What you will do
The output must be exactly the lines from the "Autry boxy t-shirt" line through the end of the listing below, with no picture included.

The data
<<<<
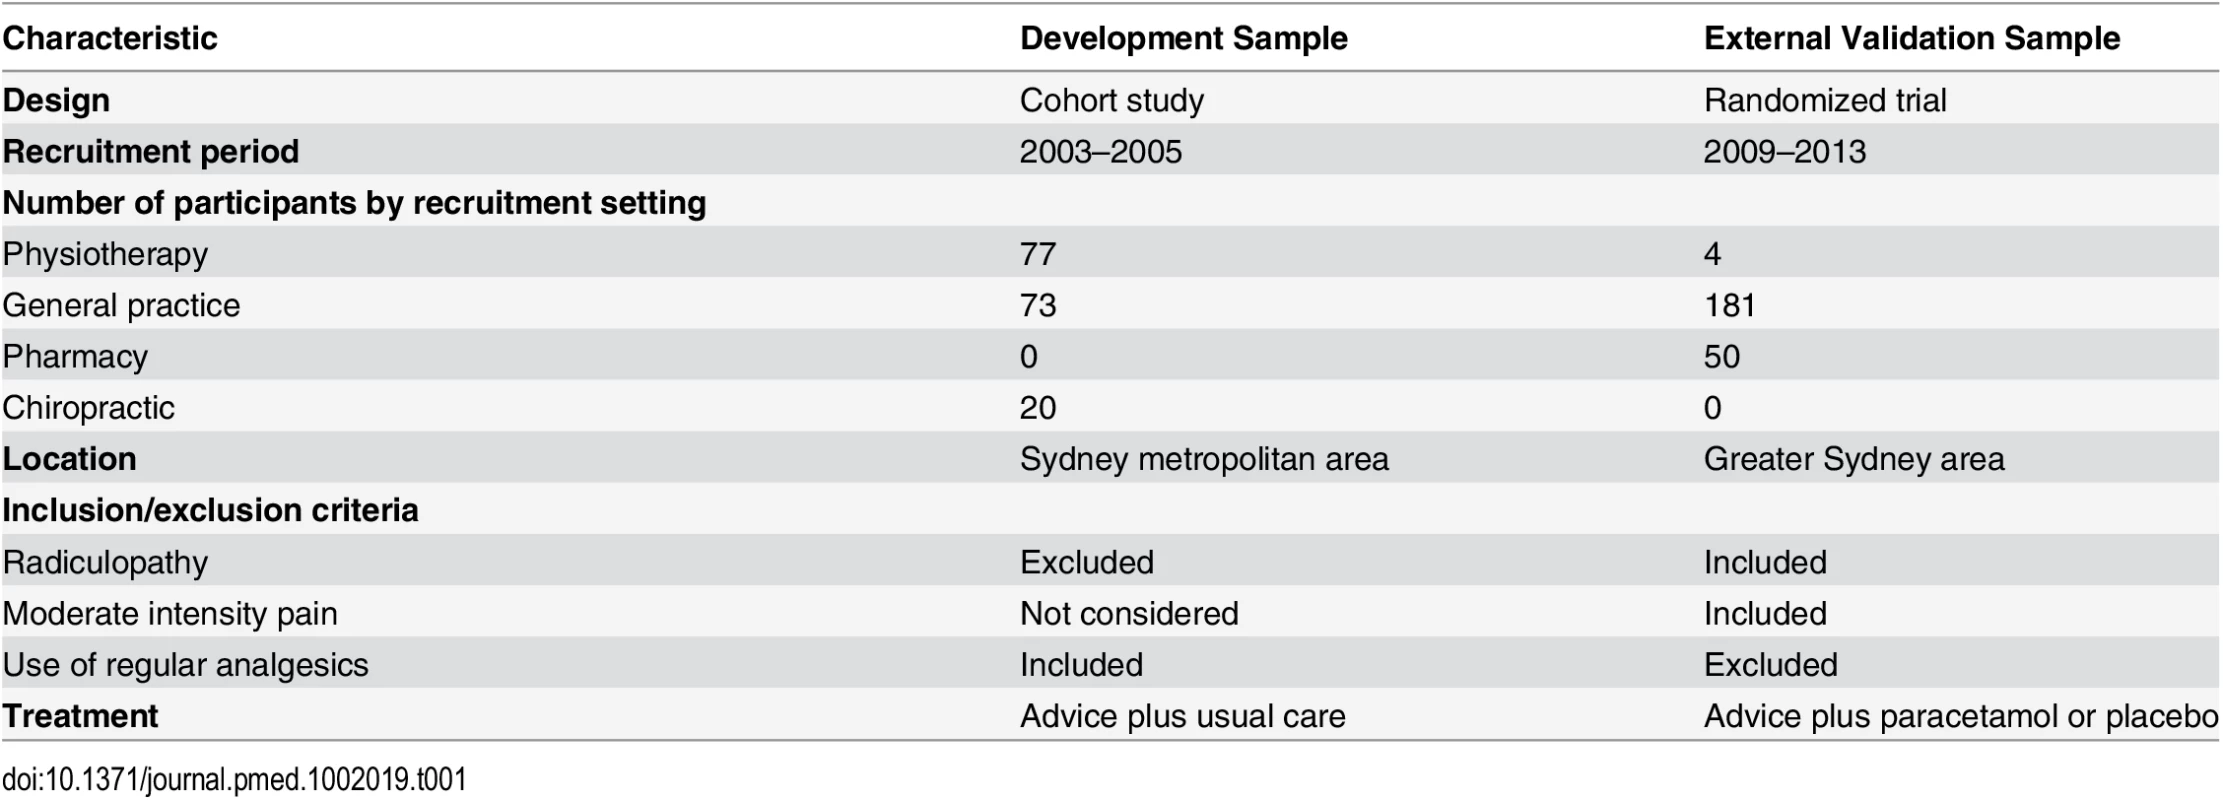 Key differences in the development and external validation studies.
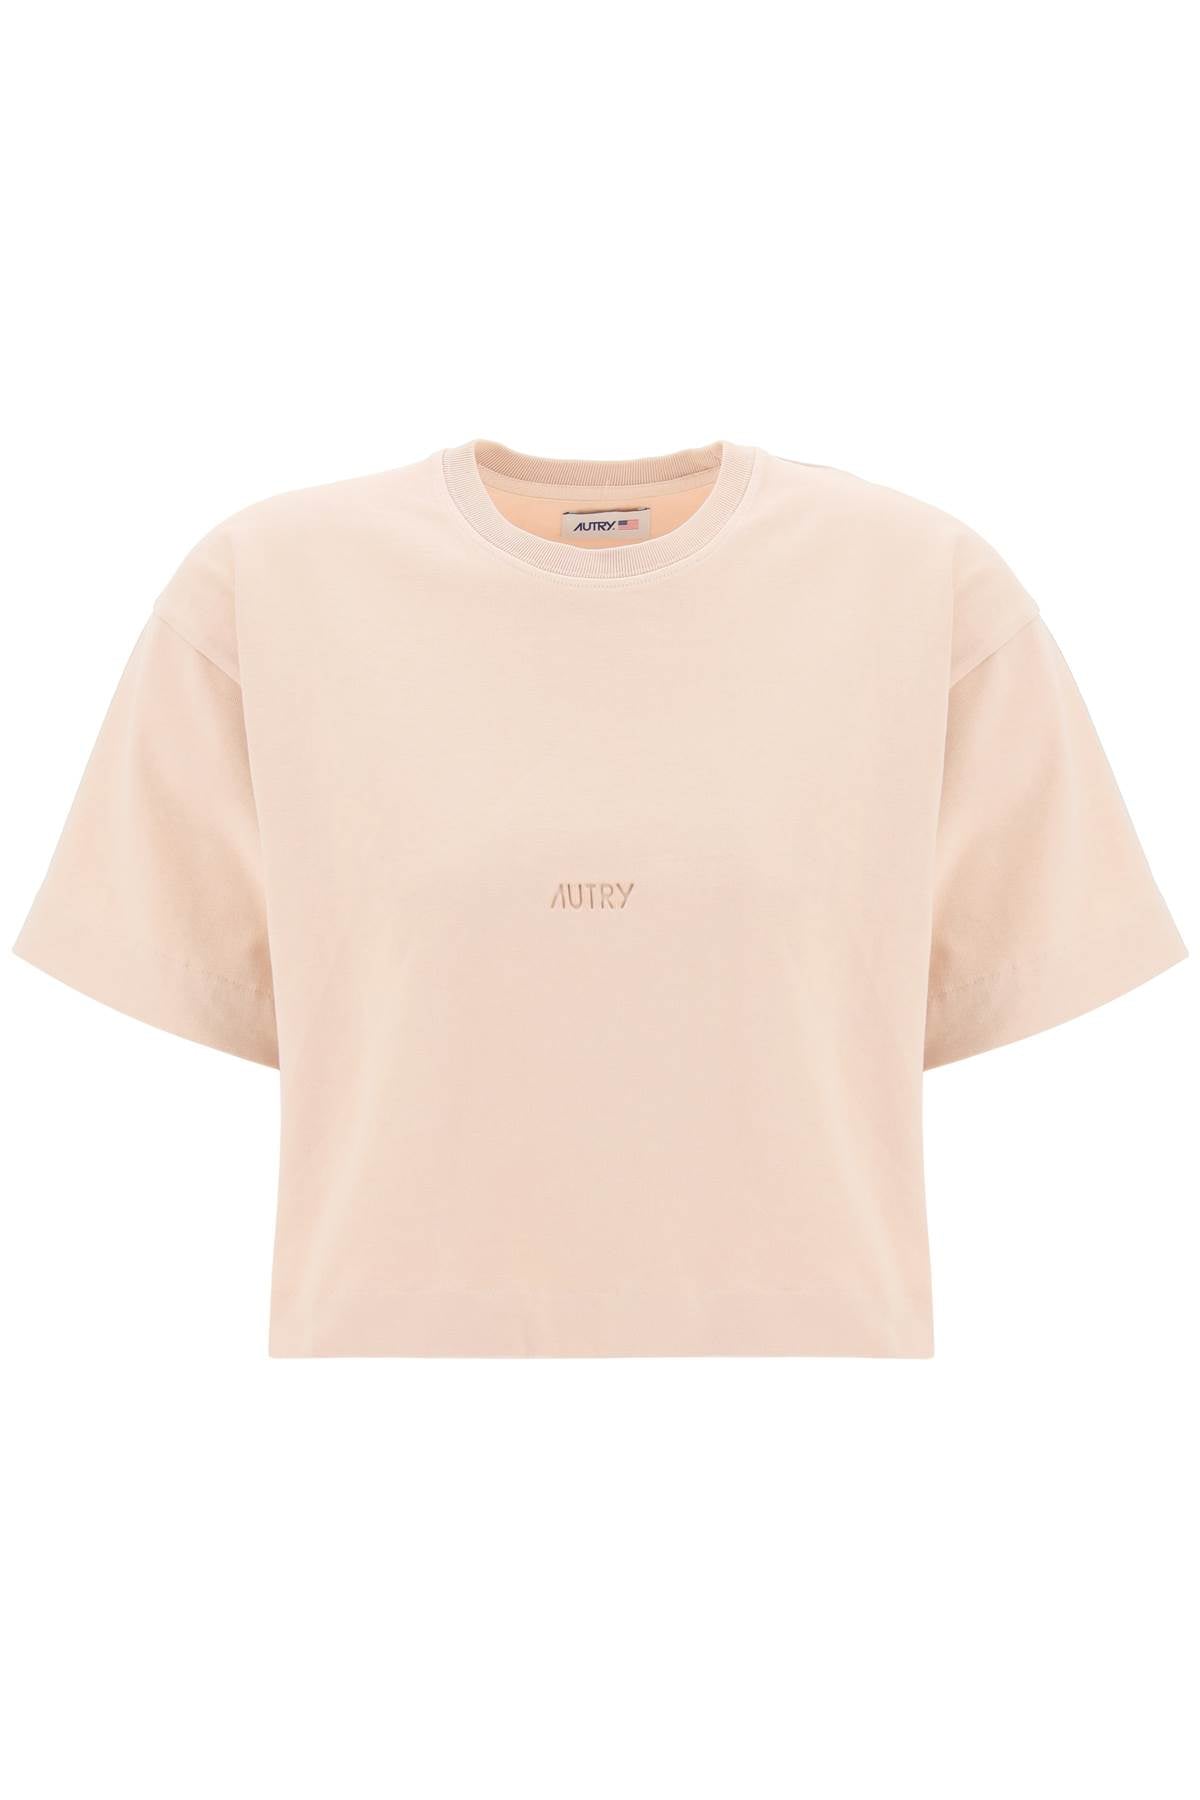 Autry boxy t-shirt with debossed logo-Autry-Urbanheer
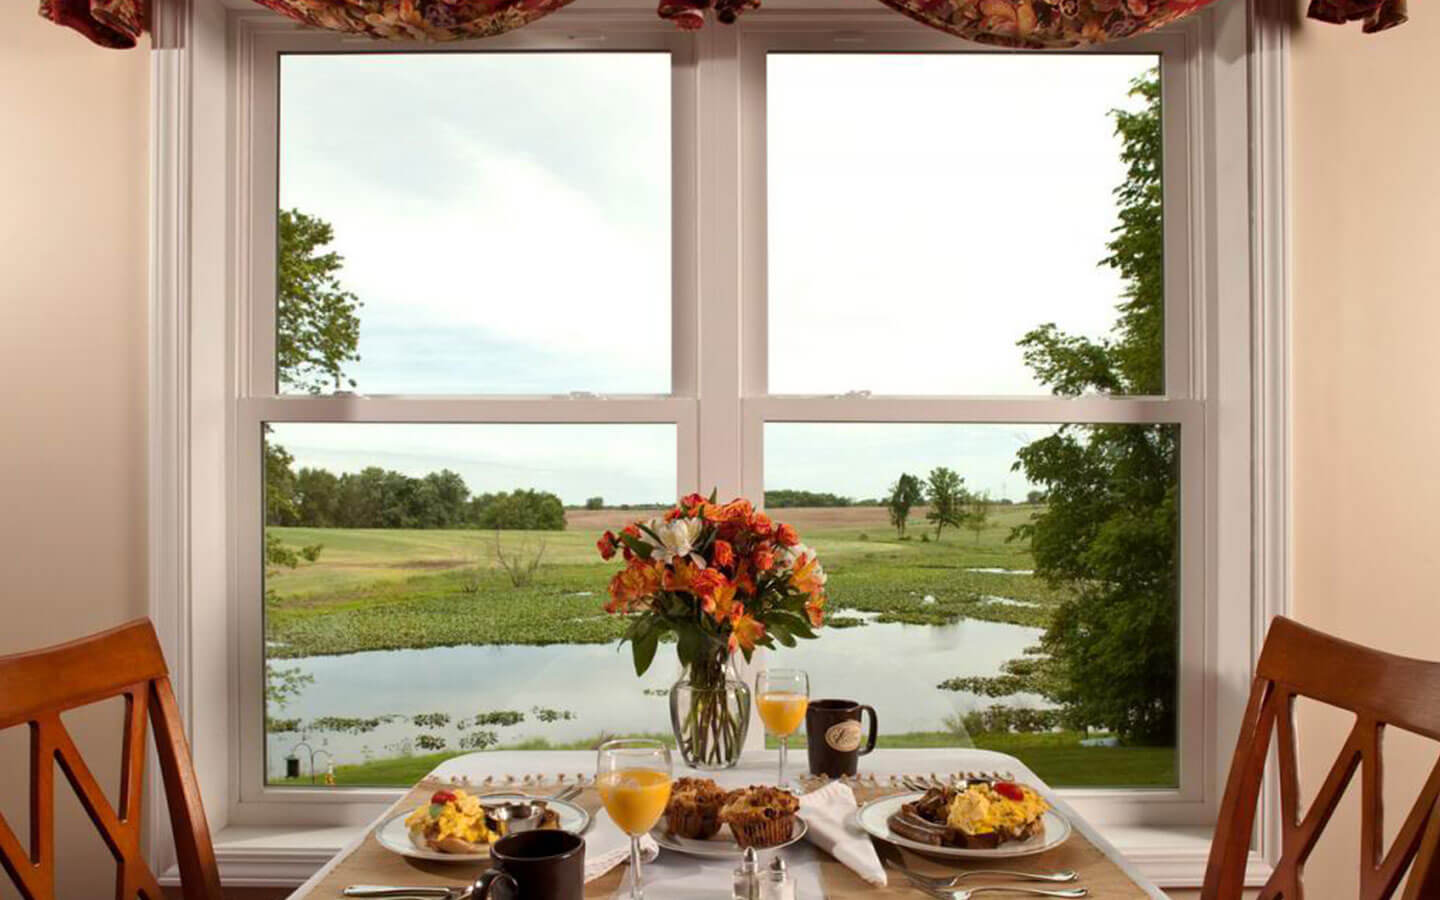 Breakfast with a View at Castle In The Country
>>>>
Worked solution
 Autry boxy t-shirt with debossed logo-Autry-Urbanheer
 Breakfast with a View at Castle In The Country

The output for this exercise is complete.